Yay, my entry for the Discovery & DevCSI Developers Competition– Lodopac– was awarded a commendation for its use of the Cambridge University Library (CUL) dataset. During the judging I was asked for searches which were known to work well- the timeout issues I discussed under Limitations being not insignificant, especially with author or title searches. I submitted a version of the following brief general notes which I hope are helpful to anyone else who wants to play:
The British National Bibliography (BNB) server is generally more responsive than the Cambridge University Library one; title seems to work better than author. The following are hopefully useful examples useful:
- author=”fisher” seems to work (at least in BNB) so long as the number of hits to return is small (e.g. 5).

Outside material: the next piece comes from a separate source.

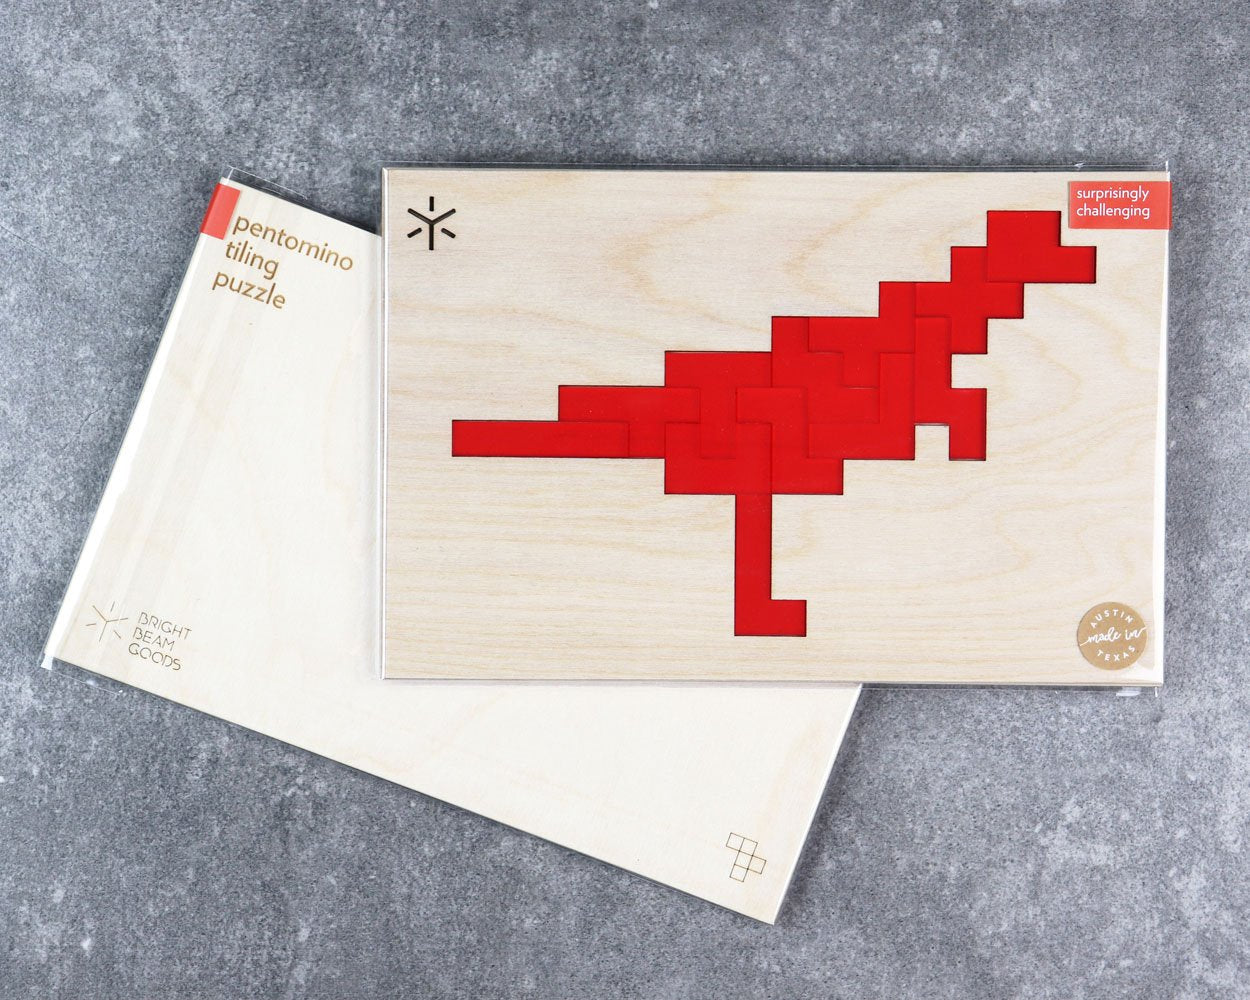 T-rex pentomino puzzle in packaging

- title=”fisher” works well for both.
- ISBN=”0709039425″ should very quickly give you a single hit in both BNB and CUL.
I would really like to try and think of ways of improving free text regular expression search times for things like author and title in Sparql* although I doubt there is one that doesn’t rely on the configuration, processing power, or indexing of the server being searched.
* thinking aloud, some ideas might include: downloading a larger imprecise set for further local searching (e.g. for an author/title search downloading the title matches and searching the authors locally: although this would also be slow, it would get round the timeout at least); forcing a look-up in a controlled vocab first in order to get an exact string match (esp for authors, although even if this is possible, this forces a user to do more work, which isn’t the point); local indexing of the triple store (this is probably the best way but I’m not sure how to go about it, whether I really have the server capabilities to do it, and can be committed to the updating required).